[TRY IT]: Go through the listing below and retype exactly the lines starting at the one with "Don't Poke The" and ending at the one with "Dans l'atelier de", skipping pictures.

[MATERIALS PROVIDED]:

*** Begin section ***

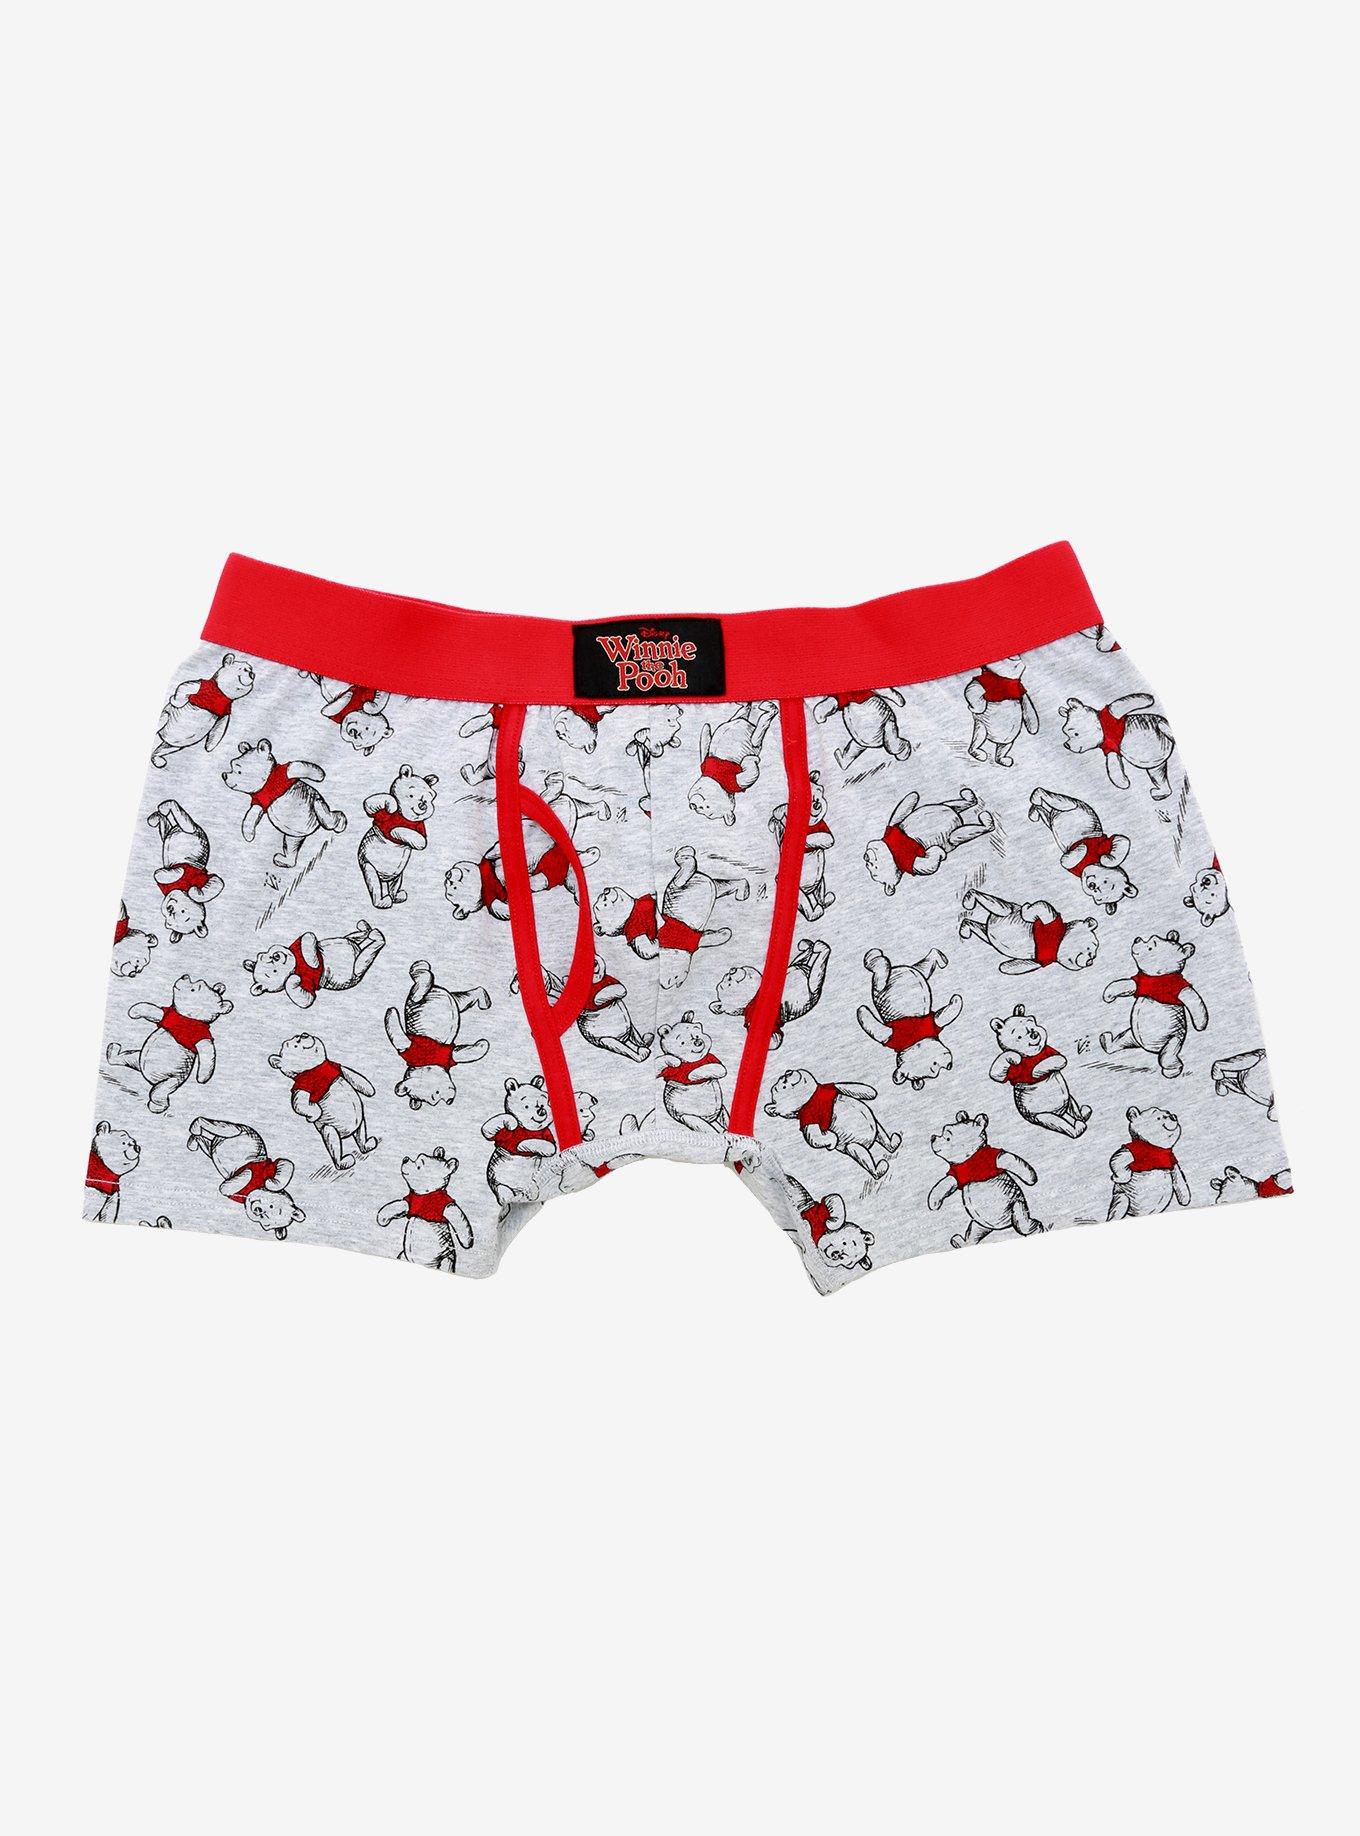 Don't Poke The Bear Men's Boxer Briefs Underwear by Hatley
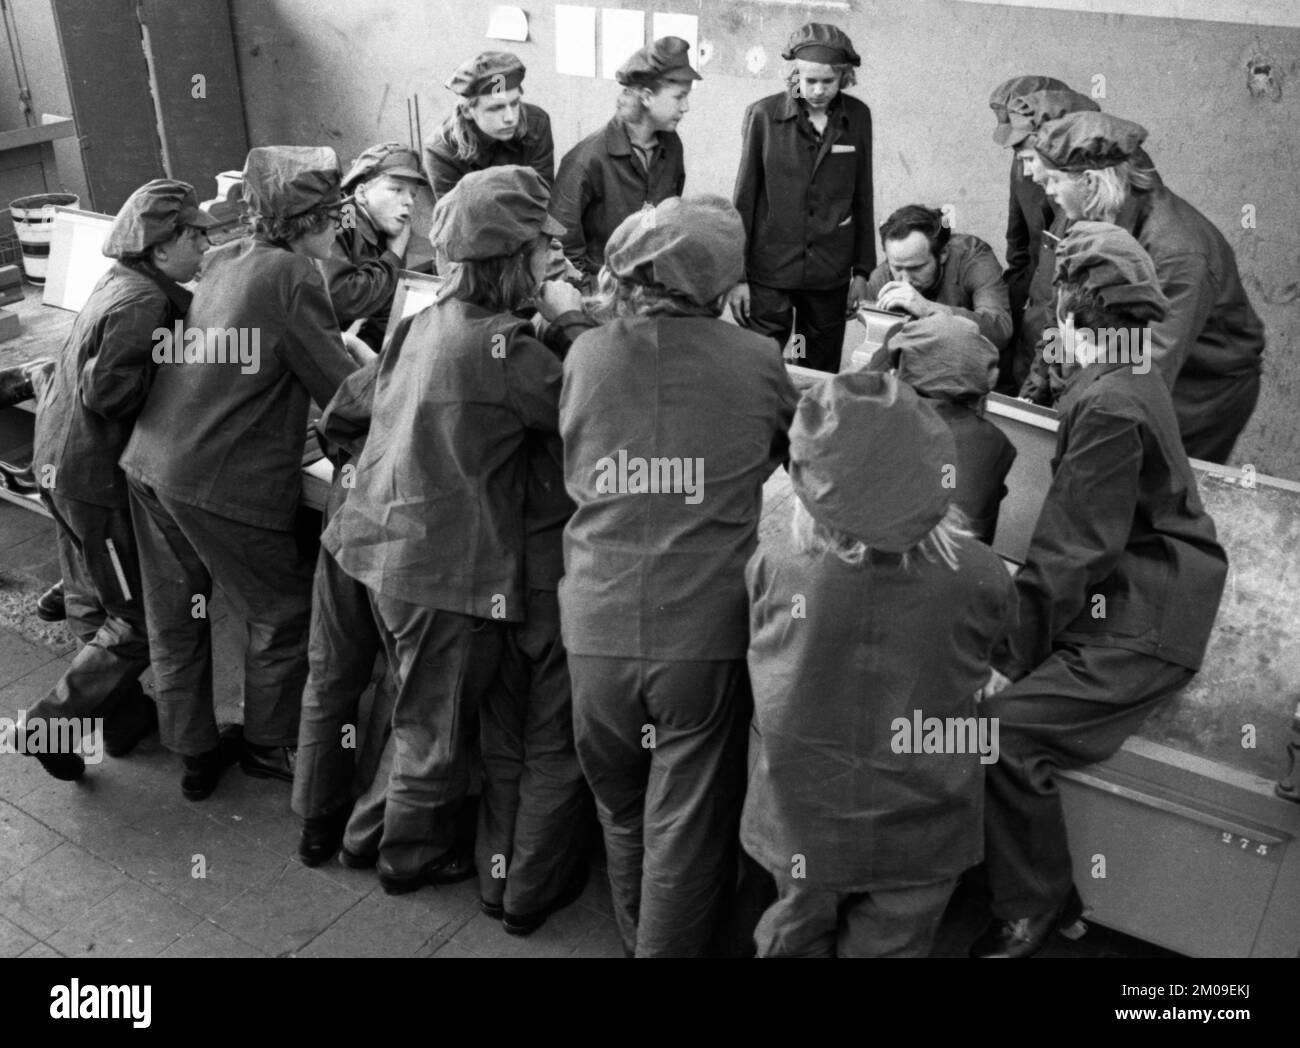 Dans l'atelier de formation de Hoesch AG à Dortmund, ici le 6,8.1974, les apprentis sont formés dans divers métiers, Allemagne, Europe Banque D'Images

*** End section ***
*** Begin section ***

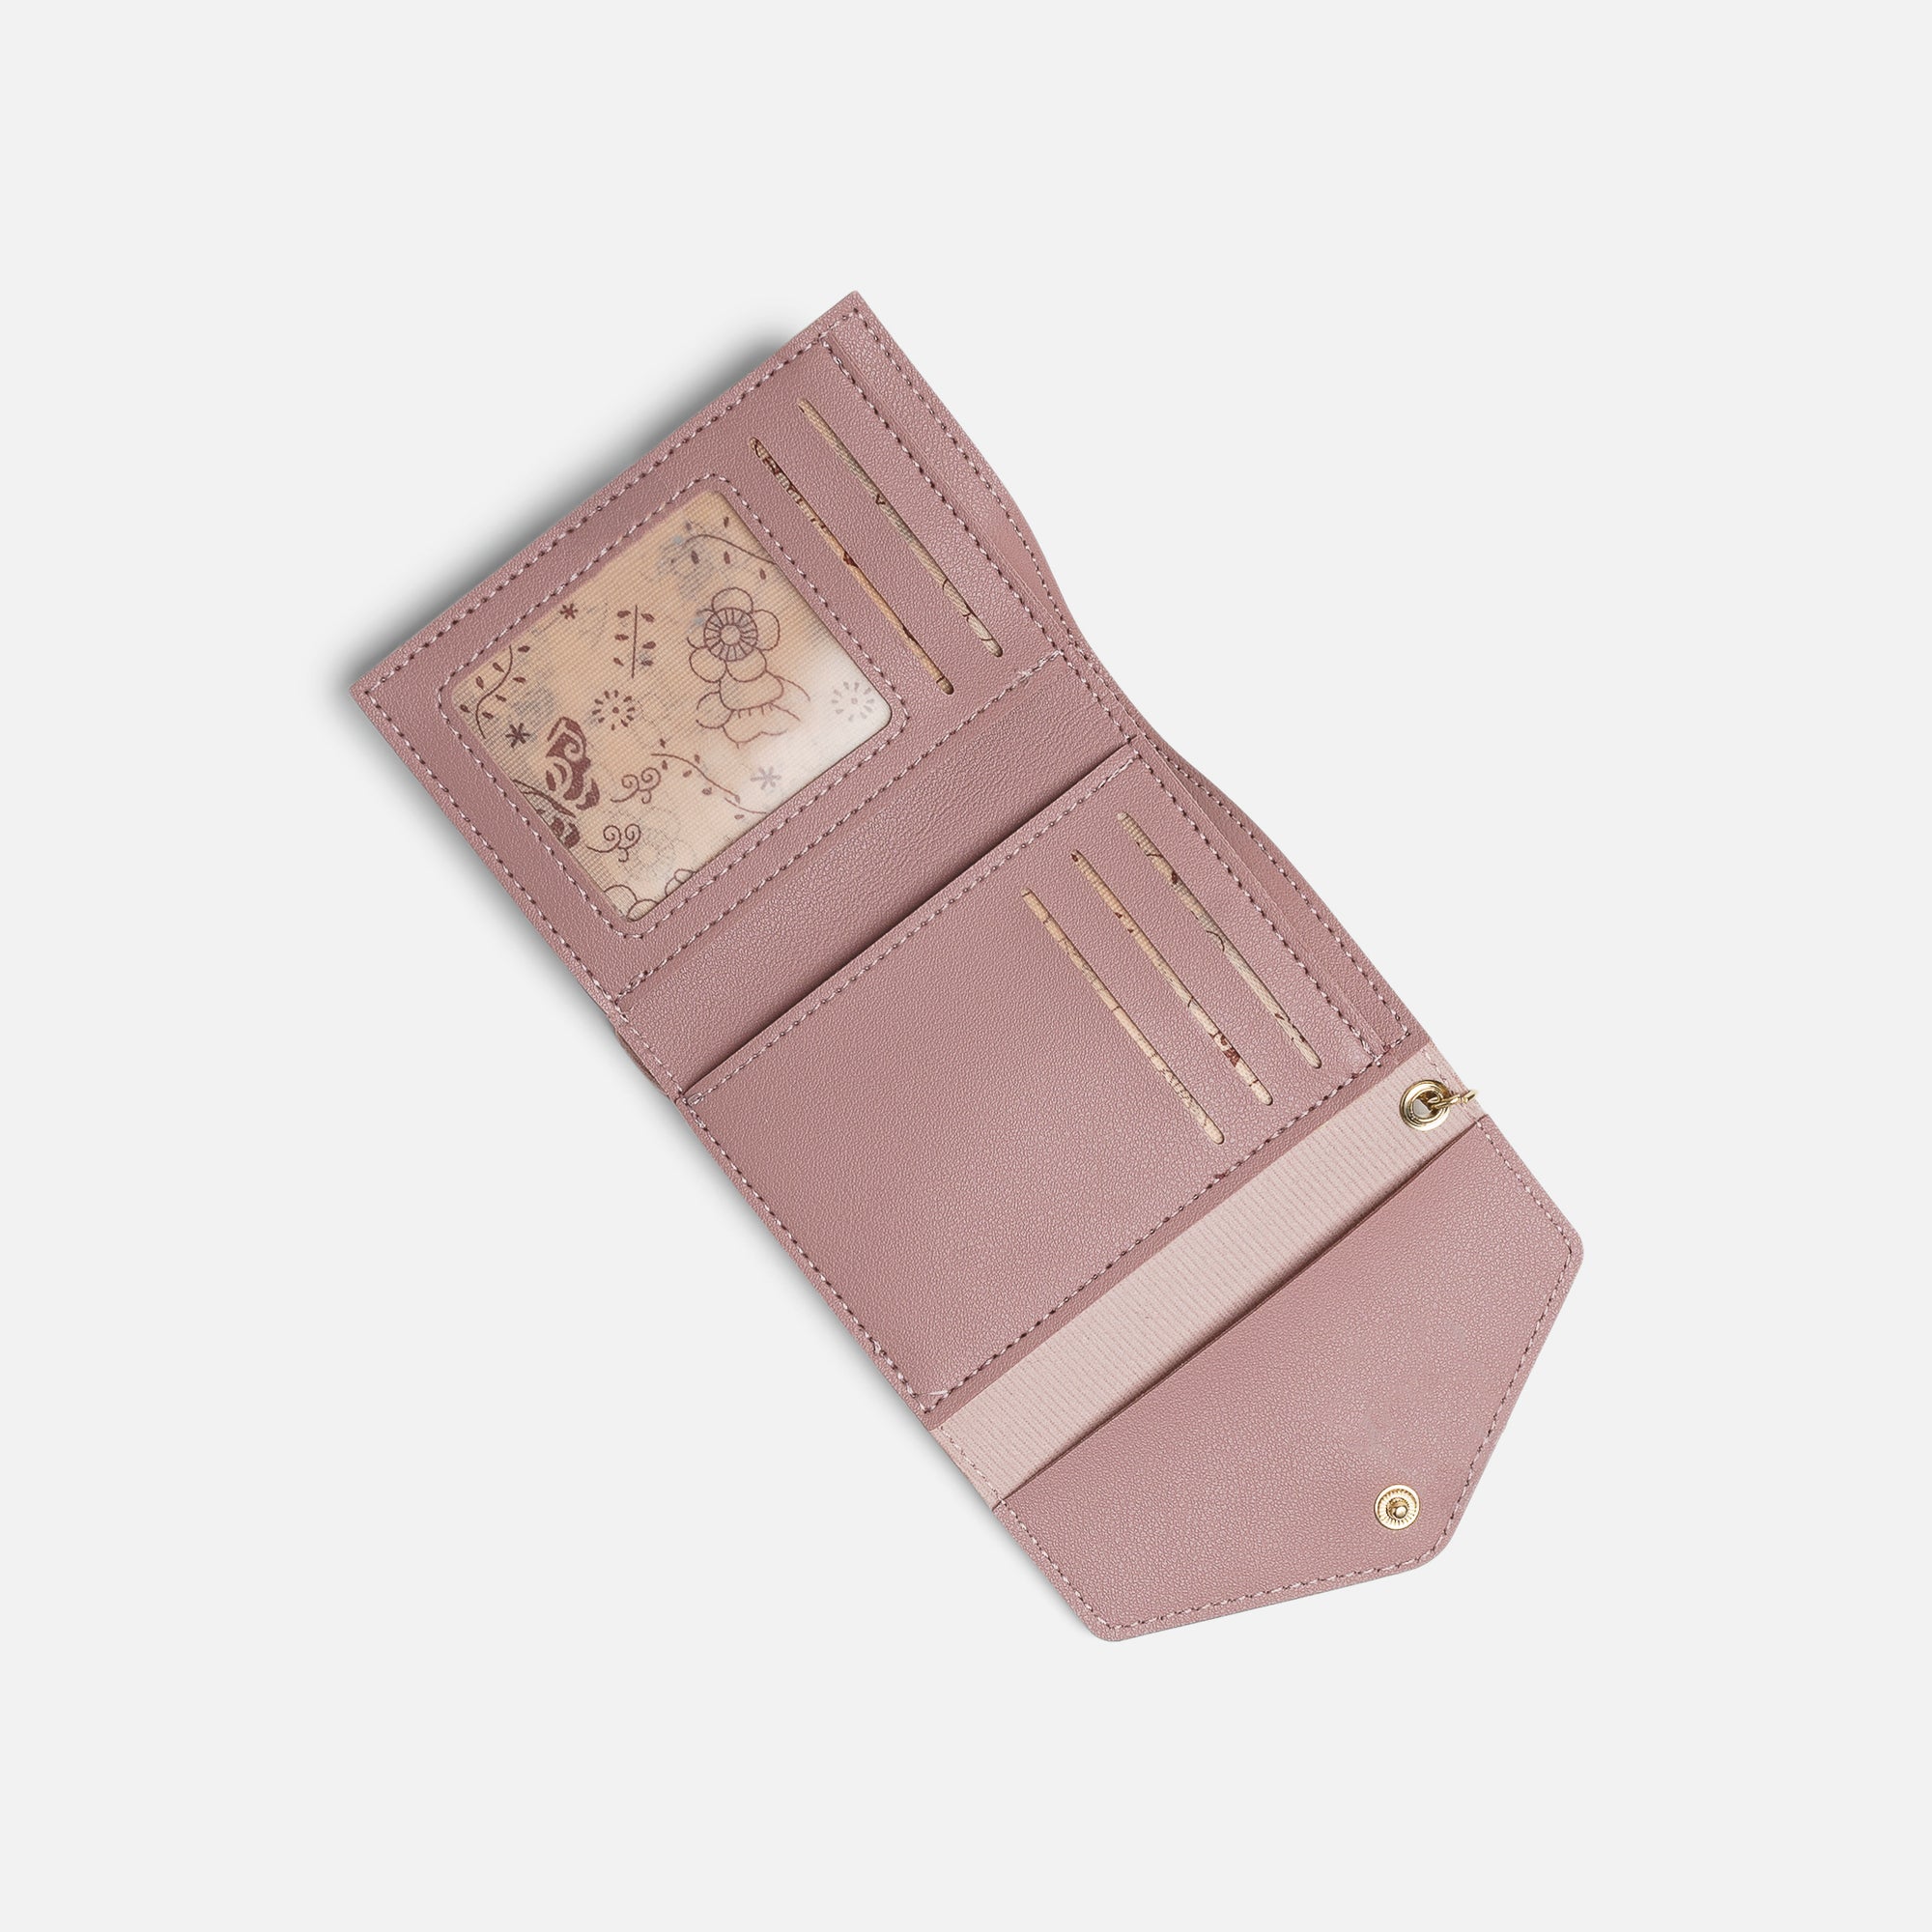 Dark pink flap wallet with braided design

*** End section ***
*** Begin section ***

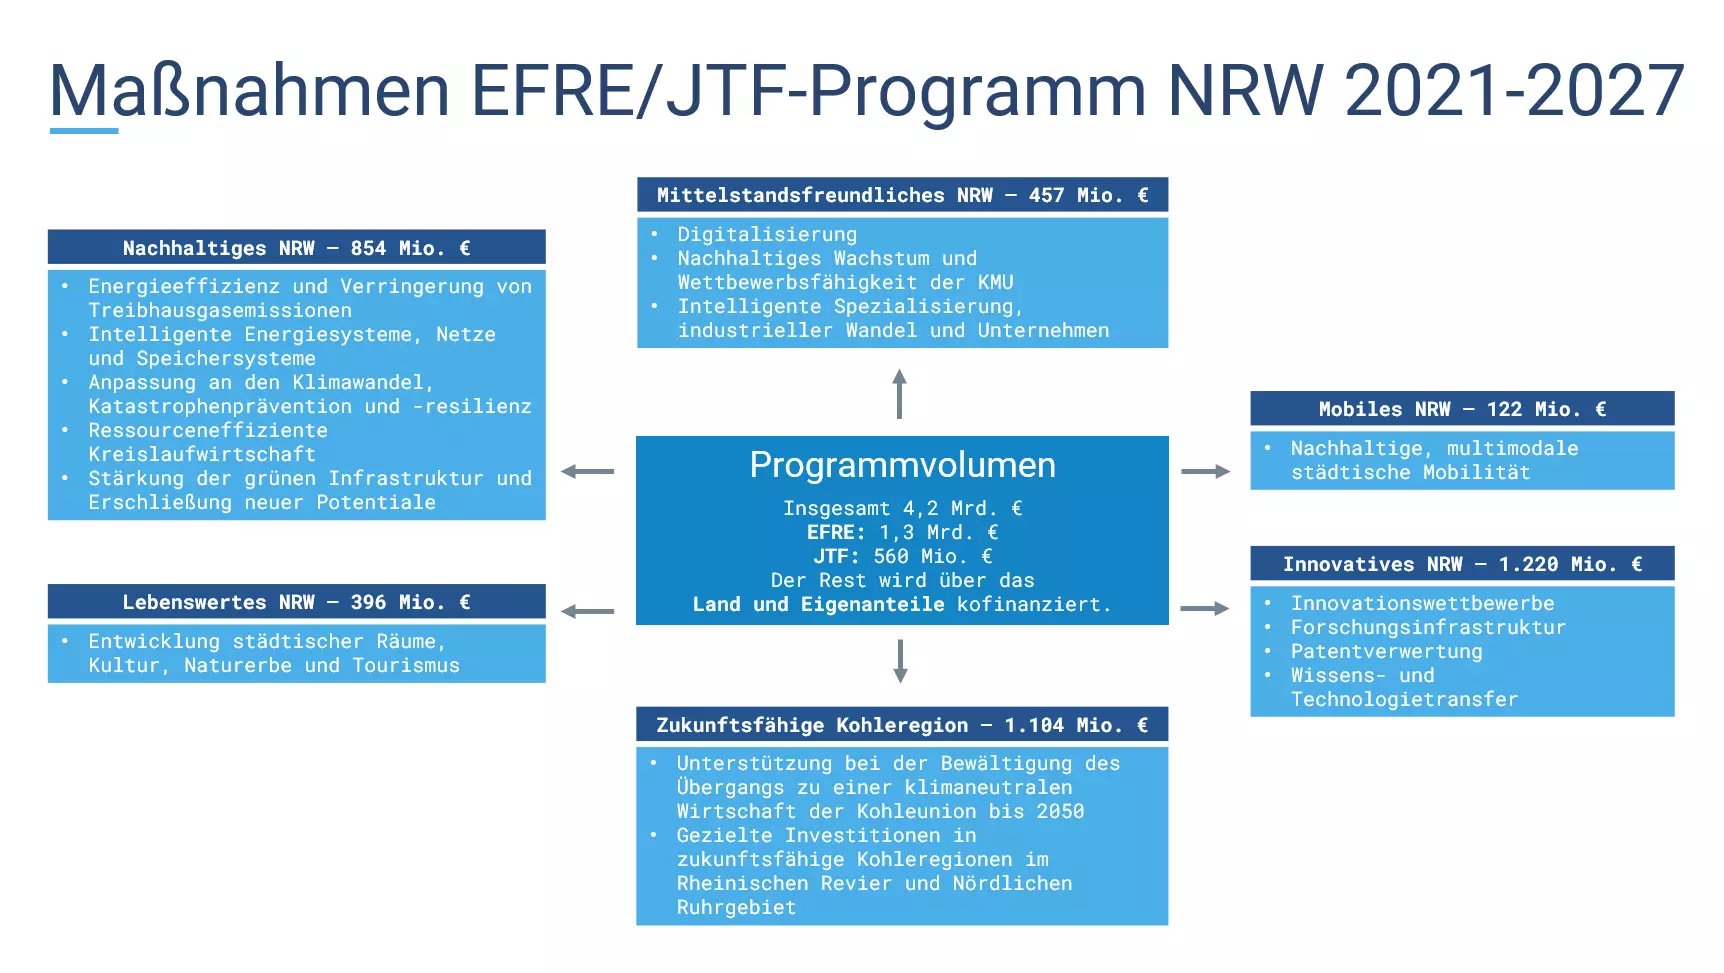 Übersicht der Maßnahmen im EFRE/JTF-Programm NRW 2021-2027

*** End section ***

[RESPONSE]:
 Don't Poke The Bear Men's Boxer Briefs Underwear by Hatley
 Dans l'atelier de formation de Hoesch AG à Dortmund, ici le 6,8.1974, les apprentis sont formés dans divers métiers, Allemagne, Europe Banque D'Images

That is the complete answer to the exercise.